On the other hand, these generalizations mask big differences among immigration streams. For example, only a third of Mexican immigrants 25 and older had completed at least high school last year compared with nearly nine in 10 of American natives. On the other hand, the adult foreign-born from Africa outdid even native-born Americans.
Incomes also show wide divergence. In 1999, the average Latin American-born household earned $29,388, far less than the native household. On the other hand, Asian-born households averaged $51,363, well above the average native-born household.
Some experts, such as Professor Borjas of Harvard, worry that new ethnic divisions and tensions could arise if immigrants take several generations to catch up to American standards.
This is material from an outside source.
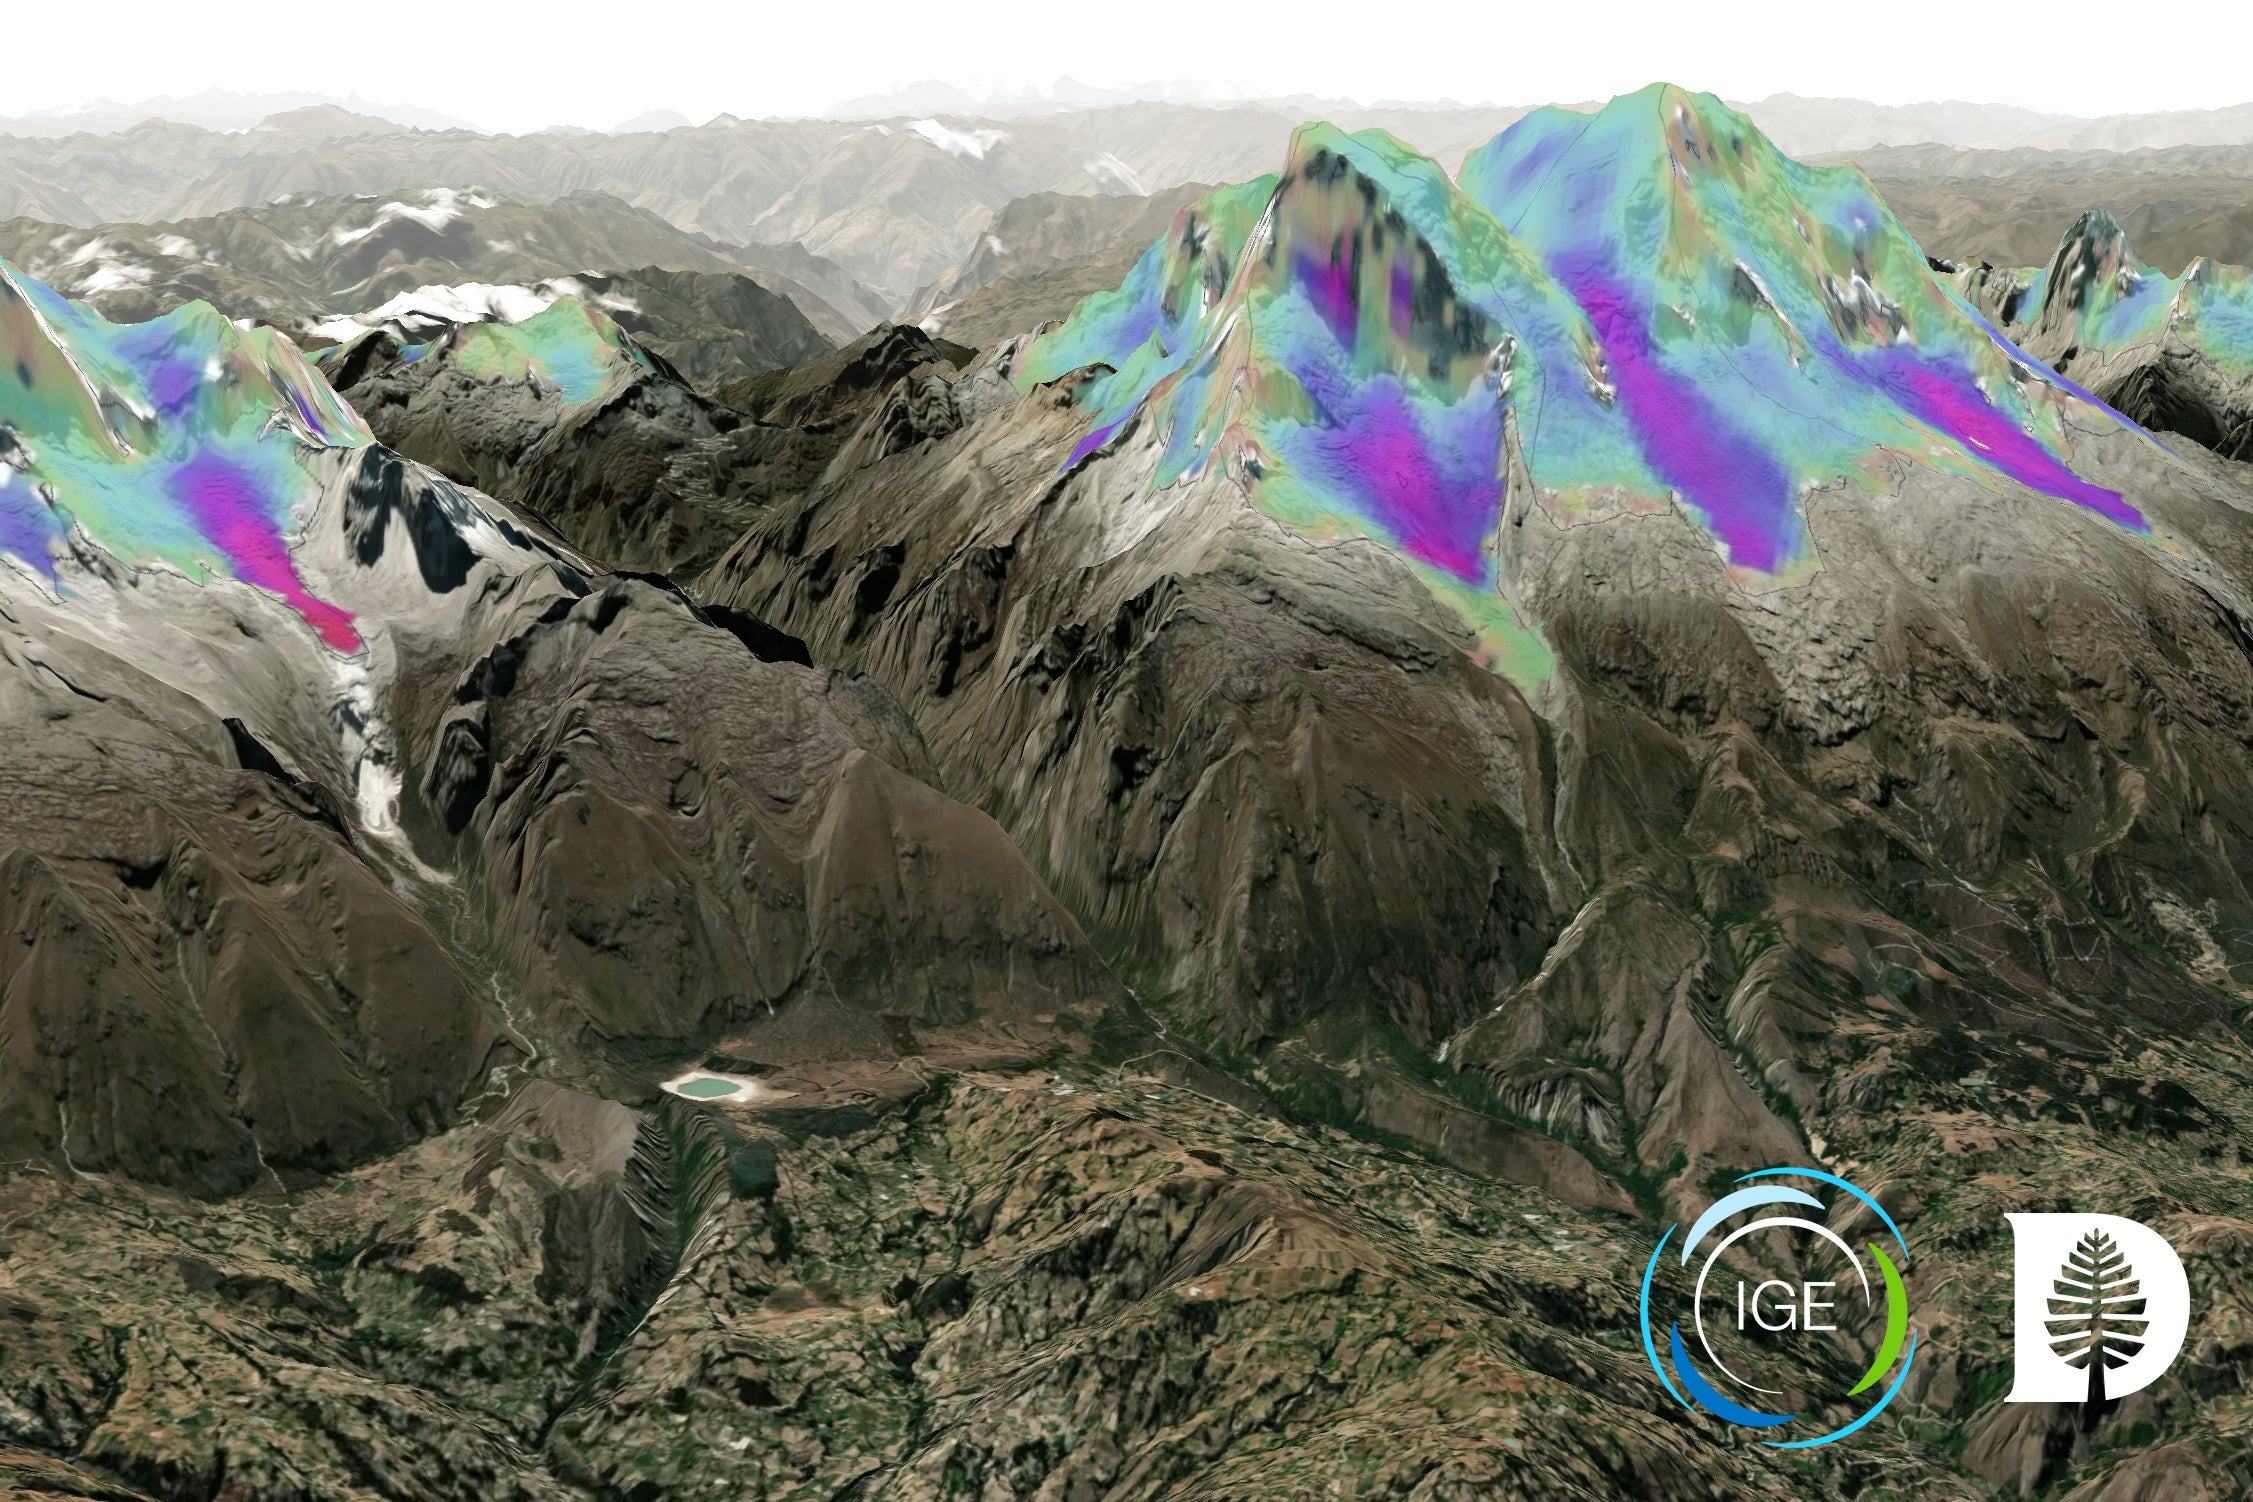 Using data on glacier velocity, South America’s tropical Andes mountains were found to have up to 23% less ice and freshwater availability. Darker colors overlayed here on Peru’s Cordillera Blanca range, signify faster glacial speed

But that's not the experience of Holly Romero, daughter of a Vietnamese mother and American Vietnam veteran whose family came here in 1975.
"It was hard, we came with nothing," she recalls. "We sharecropped in Mississippi, mom made egg rolls and catered at country clubs, we worked at chicken factories, and everyone lived together.... We came here with the idea of 'make no ruckus,' don't draw attention to ourselves, and get the best education that we could." She is now an administrative assistant in Houston.